Between March 2013 and December 2014, weekday breakfast was syndicated from Piccadilly Magic 1152 in Manchester.

=== Radio City 2 ===
Magic 1548 was rebranded as Radio City 2 in January 2015, as part of the launch of Bauer's City 2 network. Along with the rebranding, local news and traffic bulletins were reintroduced.

In July 2015, Bauer submitted a formal request to OFCOM to swap Radio City 2's format and frequencies with that of Radio City Talk. The company proposed to reintroduce local breakfast and drive time programming to the station and an enhanced local news service, alongside programming provided by the City 2 network. The request was approved three months later and the switchover took place on Monday 7 December 2015.

=== Greatest Hits Radio ===
On 7 January 2019, Radio City 2 rebranded as Greatest Hits Radio Liverpool & The North West.

On 1 September 2020, the station was merged with several local radio stations to form a new regional station, Greatest Hits Radio North West, as part of an expansion of the Bauer network.

The national weekday breakfast show was broadcast from Bauer's Liverpool studios at St Johns Beacon until December 2024, when programming was moved to Bauer's Manchester network centre.

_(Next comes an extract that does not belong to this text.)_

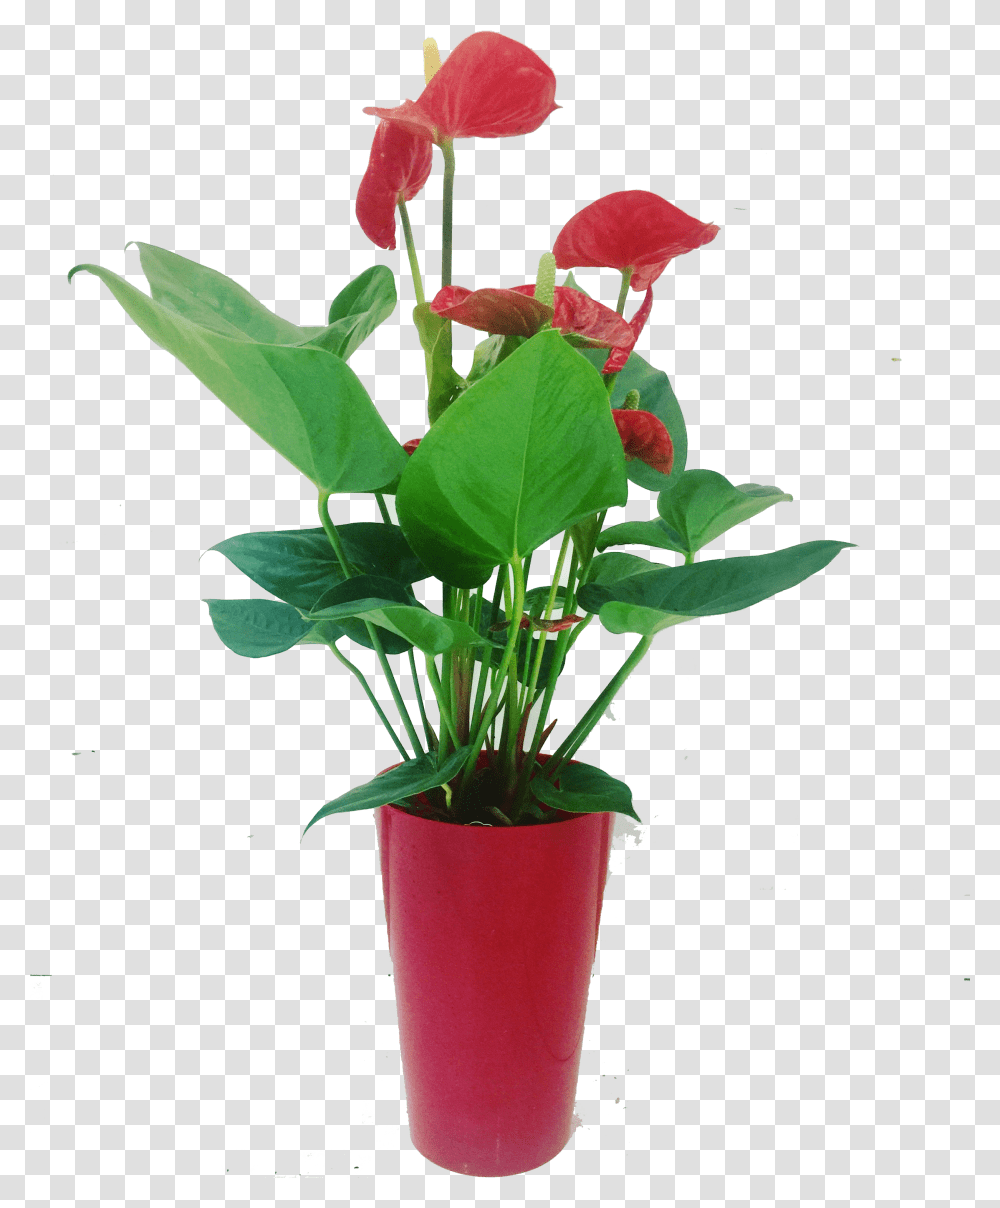 Download Flowerpot Full Size Image Pngkit Flowerpot, Plant, Blossom, Anthurium, Flower Arrangement Transparent Png

After Wire FM closed down, GHR Liverpool & The North West inherited the 107.2 MHz FM frequency.

== Programming ==
Networked programming originates from Bauer's London, Manchester and Edinburgh studios.

=== News ===
Bauer's Manchester newsroom broadcasts local news bulletins for Liverpool hourly from 6am-7pm on weekdays, and from 7am-1pm on Saturdays and Sundays. Headlines are broadcast on the half hour during weekday breakfast and drivetime shows, alongside traffic bulletins.

National bulletins from Sky News Radio are carried overnight with bespoke networked bulletins on weekend afternoons, originating from Bauer's Manchester newsroom.